My idea is to associate a field called projectId with every PDF file when indexing. As soon as we get this, we will start the project metadata search again.

This way we could avoid data duplication. In addition, if we want to update the project metadata, we will finish the update in only one place. Otherwise, if we save this metadata with all pdf doument indices, we will complete updating all documents, which I am not looking for.

please inform.

+4

join search indexing rdbms lucene

KP. May 06 '09 at 9:00

source share

5 answers

Yuval F · Answer 1 · 2009-05-06T12:28:27+0000

If you understand correctly, you have two questions:

Is it possible to save the project identifier in Lucene and use it for further search? Yes you can. This is a common practice.
Can I use this project identifier to search Lucene for project metadata? Yes you can. I do not know if this is a good idea. It depends on the frequency of your metadata updates and your access pattern. If the metadata is relatively static and you only access it by id, Lucene may be a good place to store it.
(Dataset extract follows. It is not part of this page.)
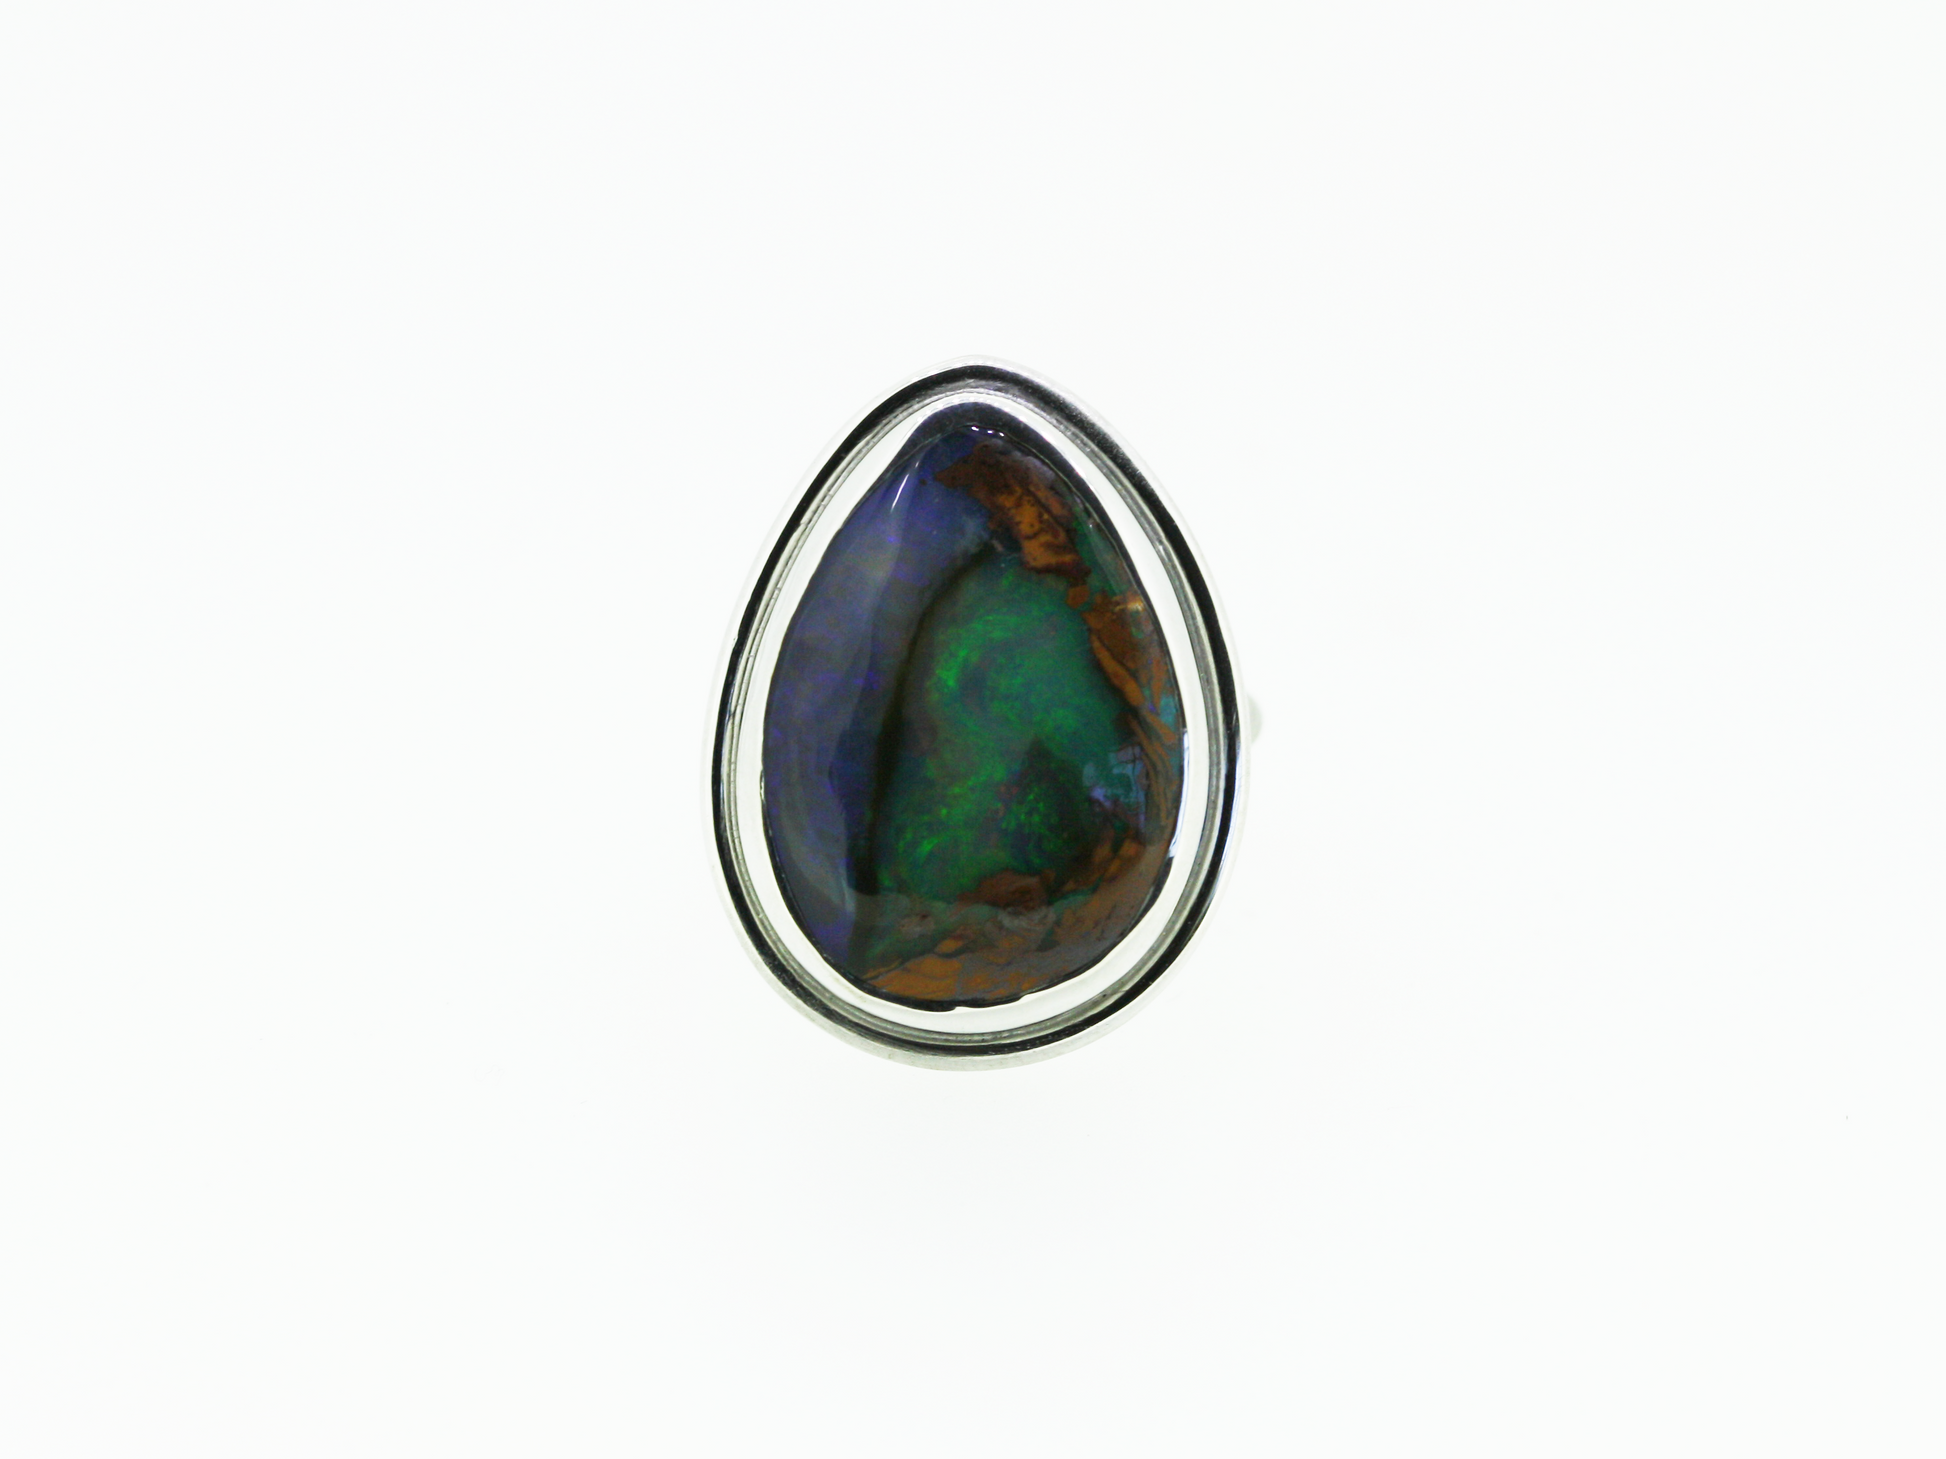 Queensland Boulder opal set in silver bezel with twisted band. Large green and red opal. Hand crafted in Brisbane studio using ethically sourced materials. Australian made sparkling opal ring.

Otherwise, you can use the project identifier as the primary key for the database table, which could be better.

bajafresh4life · Answer 2 · 2009-05-08T16:00:00+0000

That sounds good. The only limitation that you have (by storing the project link in Lucene, and not on the project data itself) is that you will not be able to request the text of the document and the project metadata at the same time. For example, "documentText: foo OR project_name: bar". If you don't have this requirement, then it looks like storing an identifier in Lucene that refers to a database row is what you need to do.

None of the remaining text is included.